§ ABOUT THIS EXERCISE
For this listing, reproduce the line with "Kung Fu Panda 2 Movie wallpapers HD quality", the line with "Clean Trifold Brochure", and the lines between, exactly as they stand. Leave out pictures and all other lines.

§ MATERIAL PROVIDED
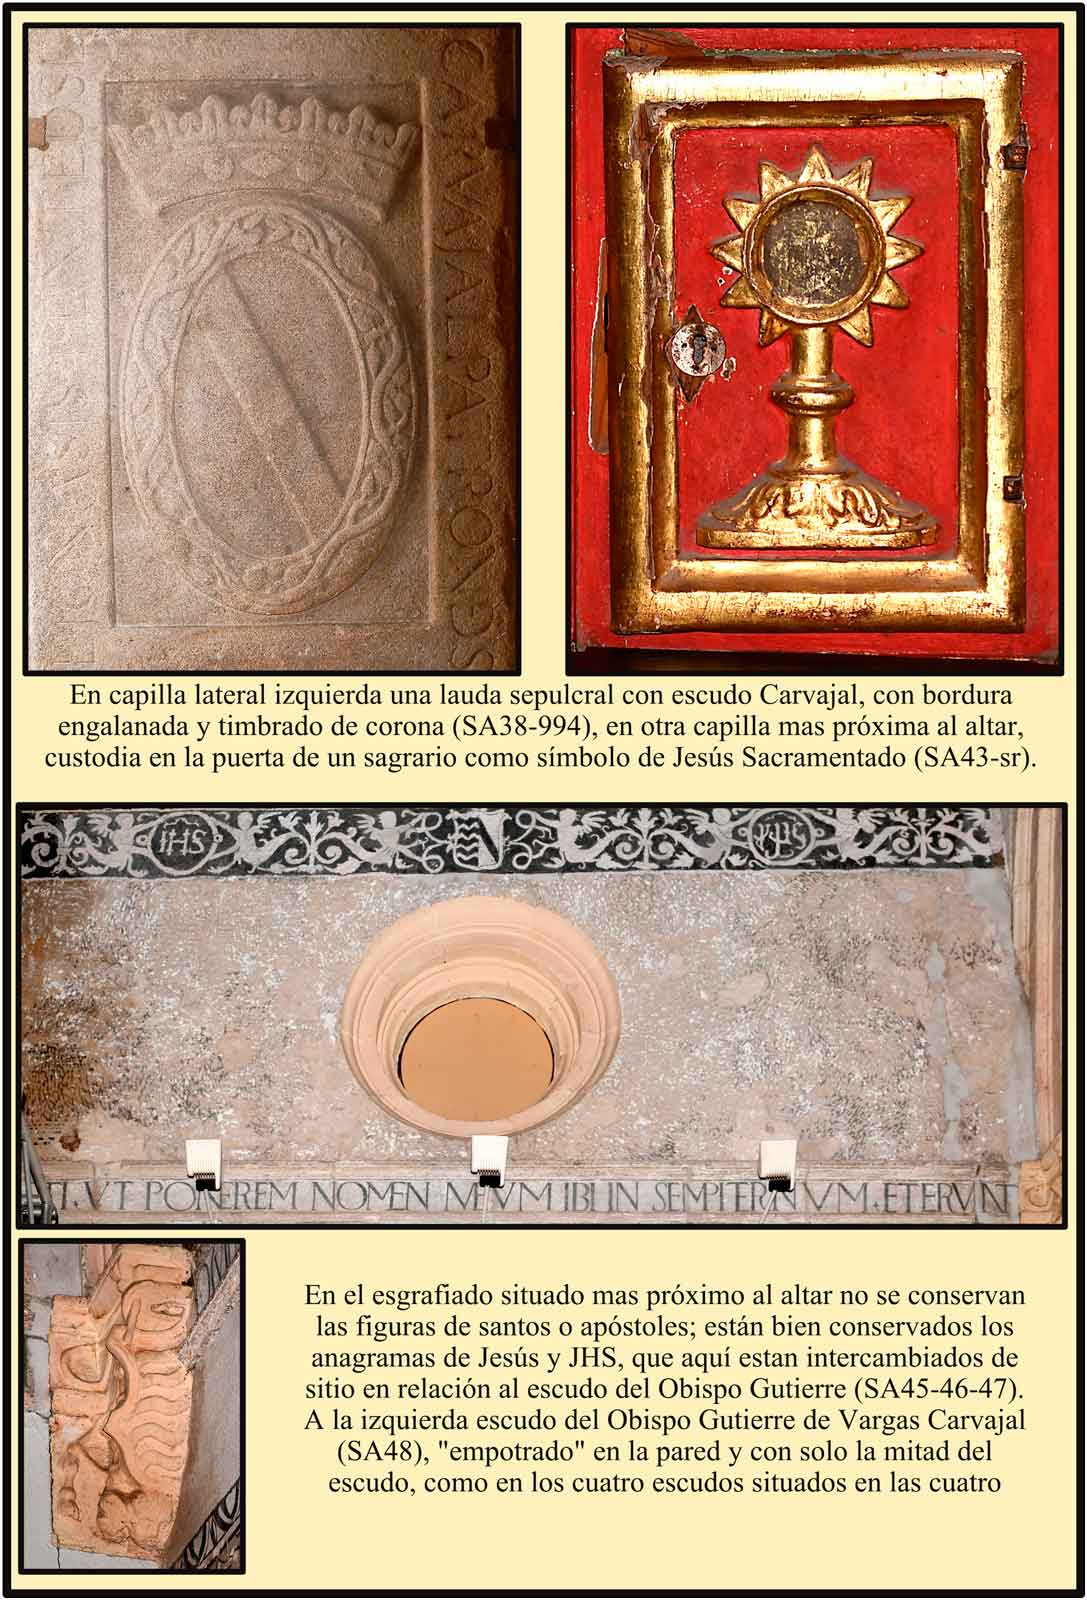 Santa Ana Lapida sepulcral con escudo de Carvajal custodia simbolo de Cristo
* * *
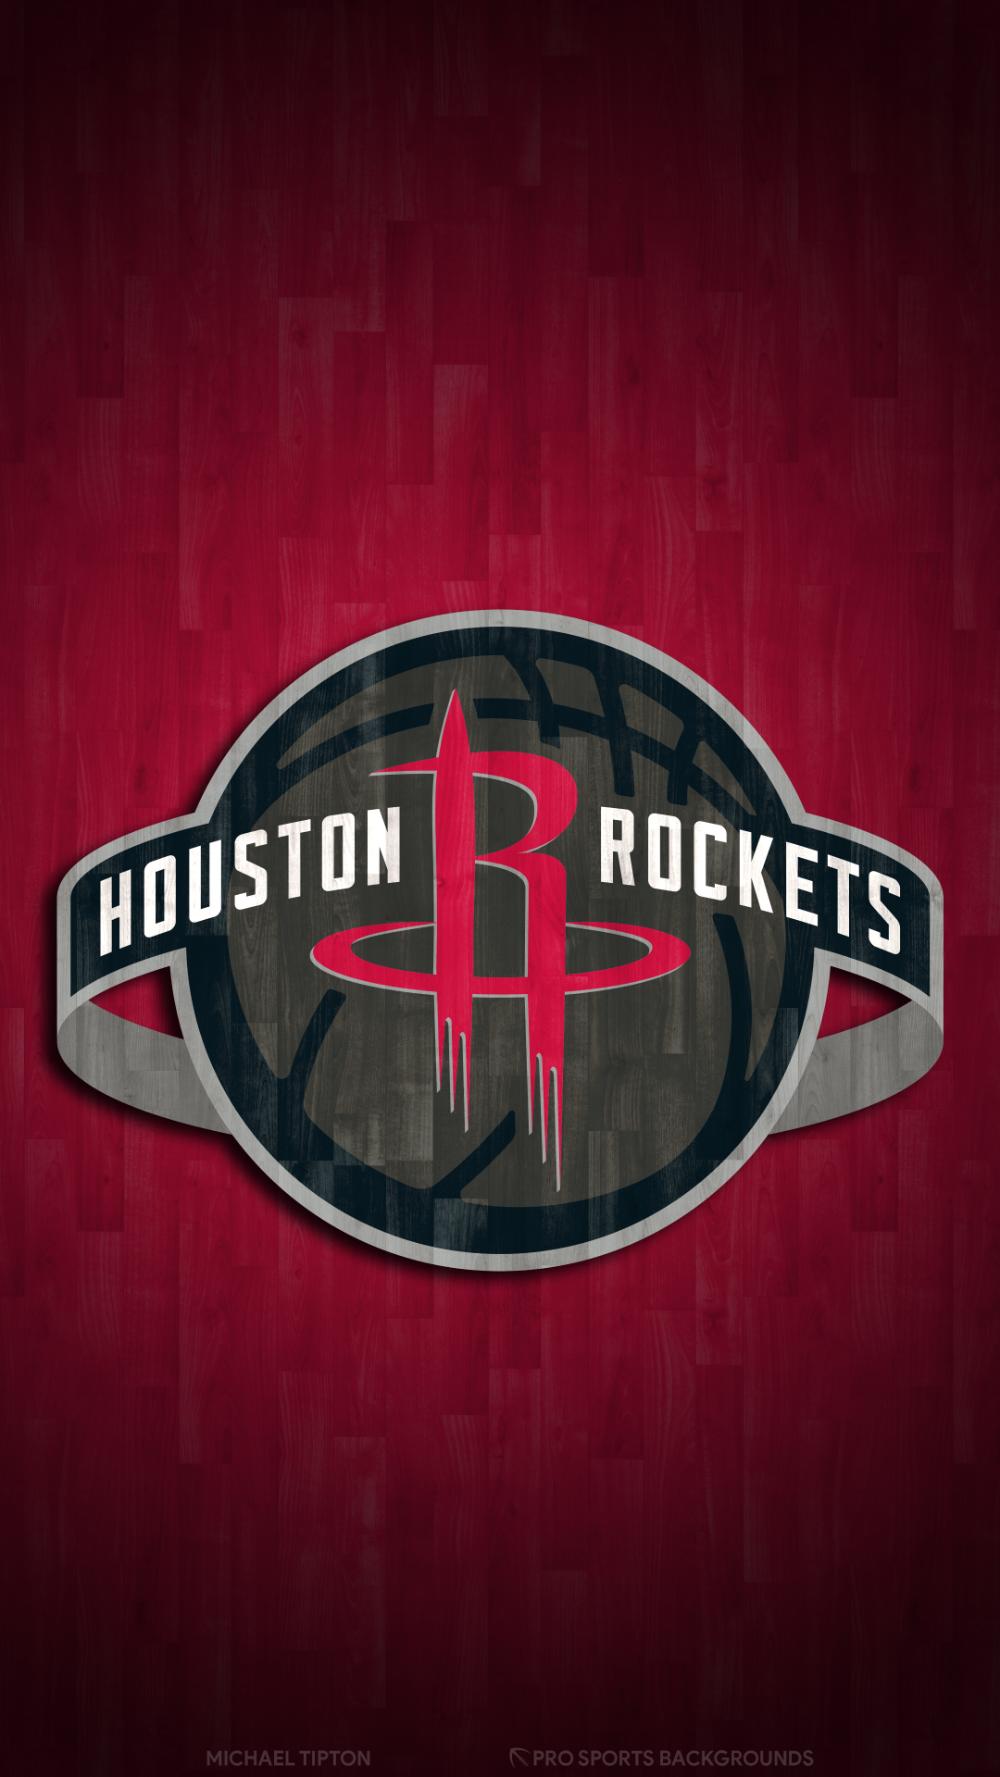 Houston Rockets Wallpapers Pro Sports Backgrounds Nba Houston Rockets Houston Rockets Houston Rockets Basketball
---
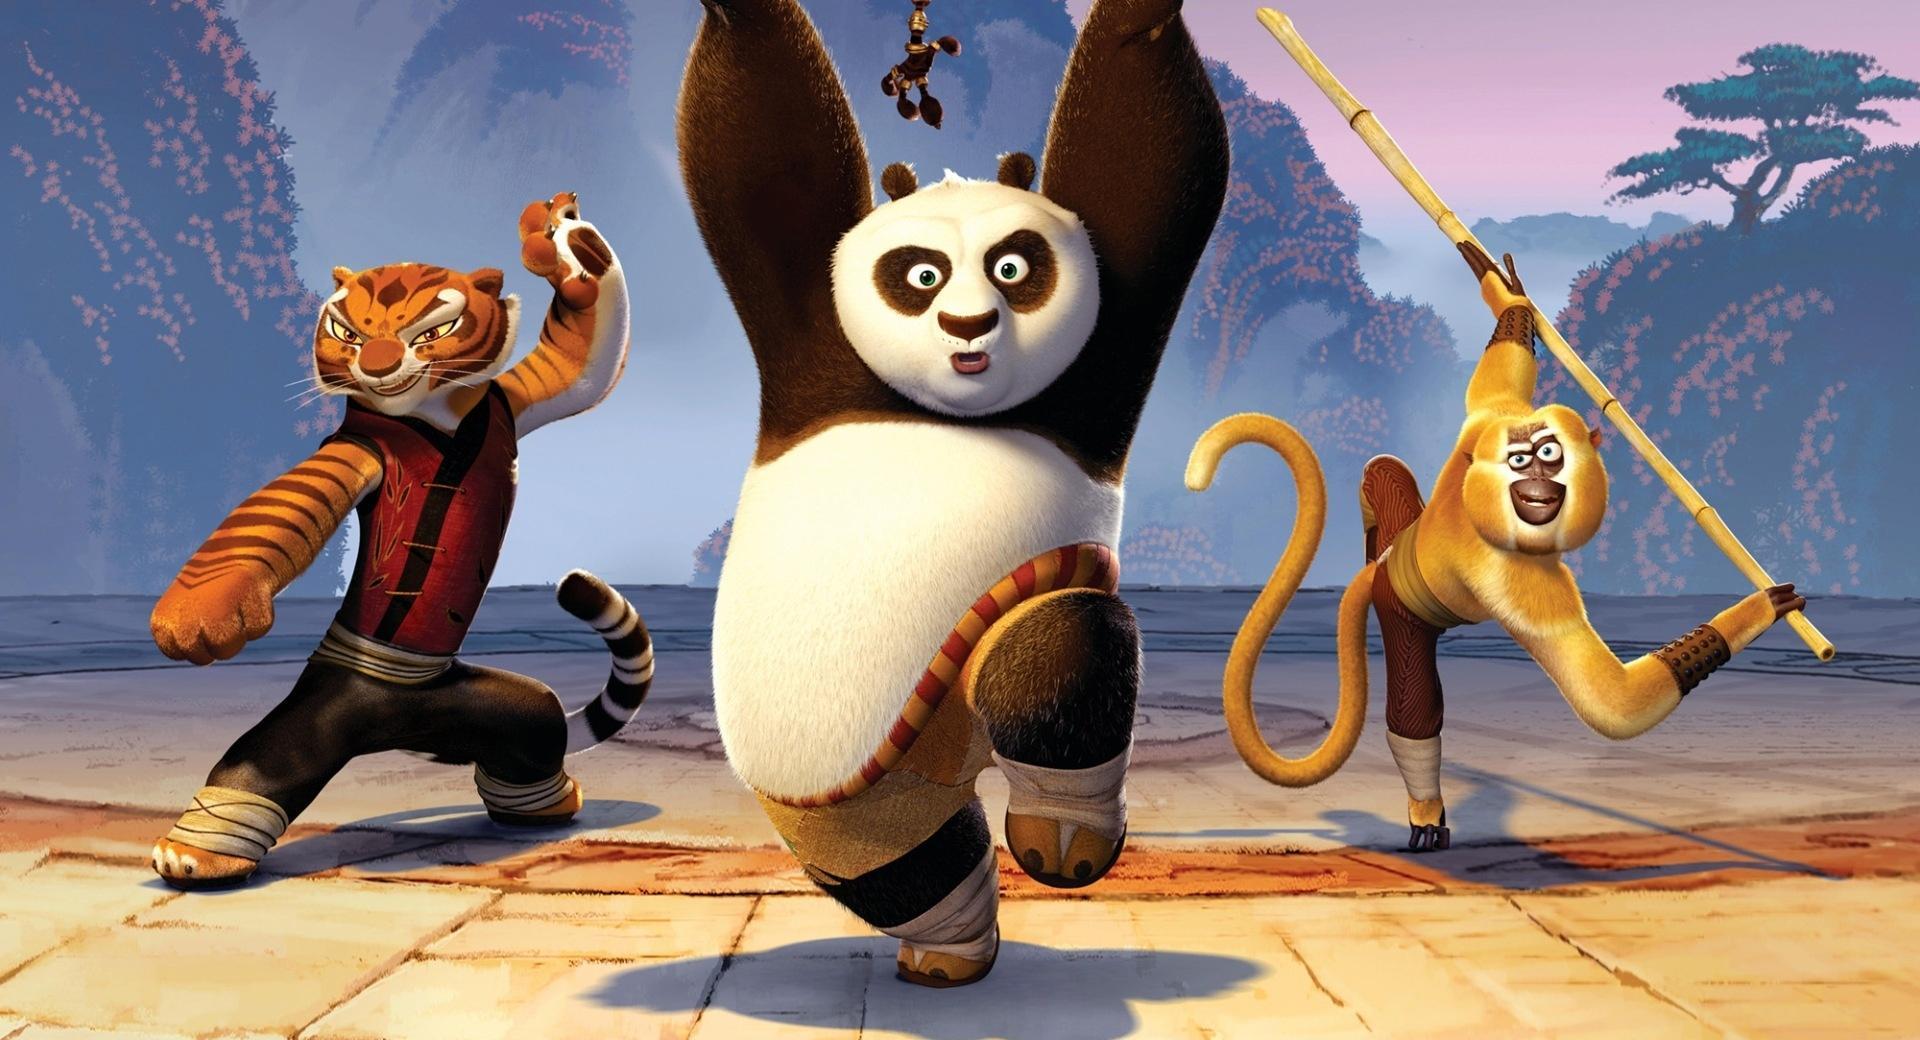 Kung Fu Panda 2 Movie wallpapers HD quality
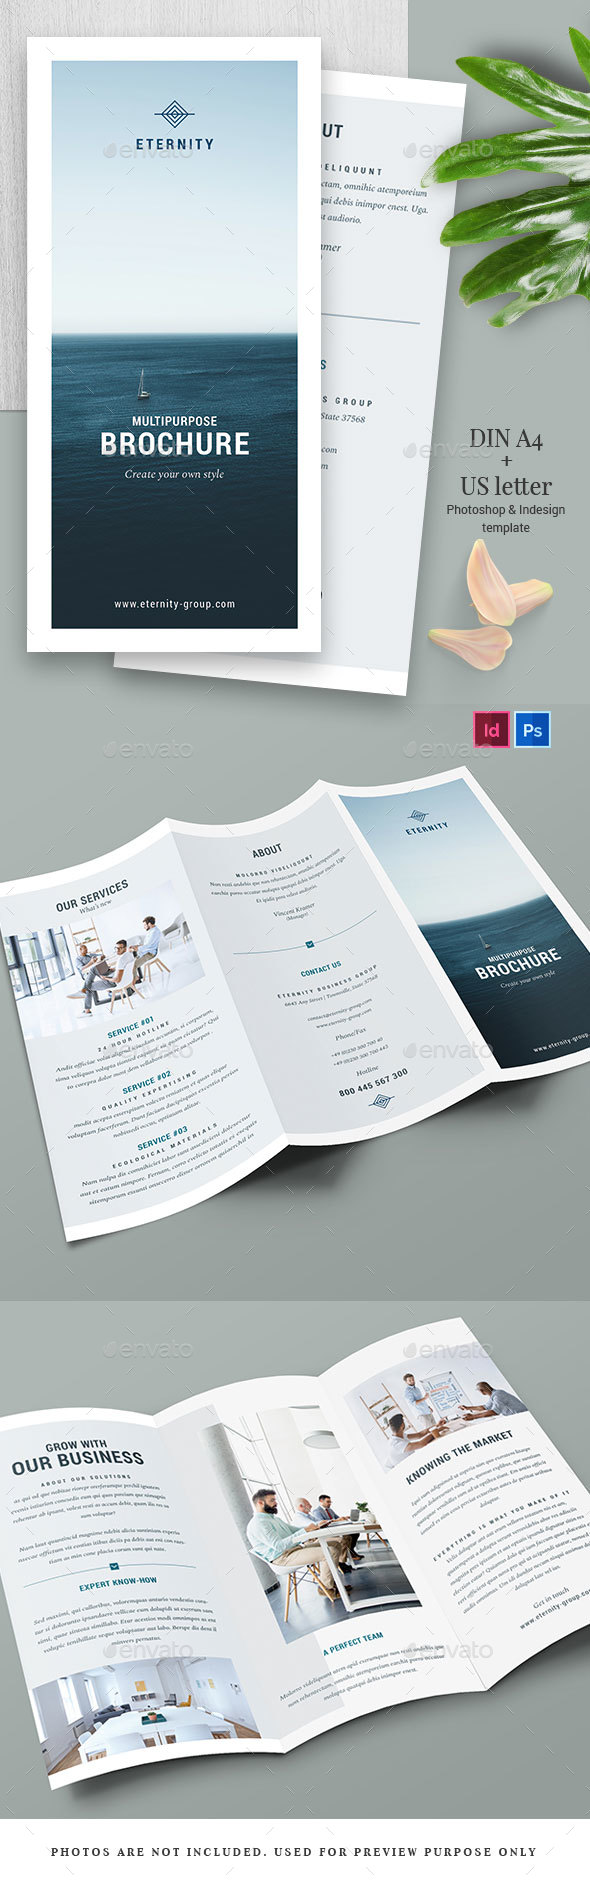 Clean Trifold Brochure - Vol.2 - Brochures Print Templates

§ RESULT
 Kung Fu Panda 2 Movie wallpapers HD quality
 Clean Trifold Brochure - Vol.2 - Brochures Print Templates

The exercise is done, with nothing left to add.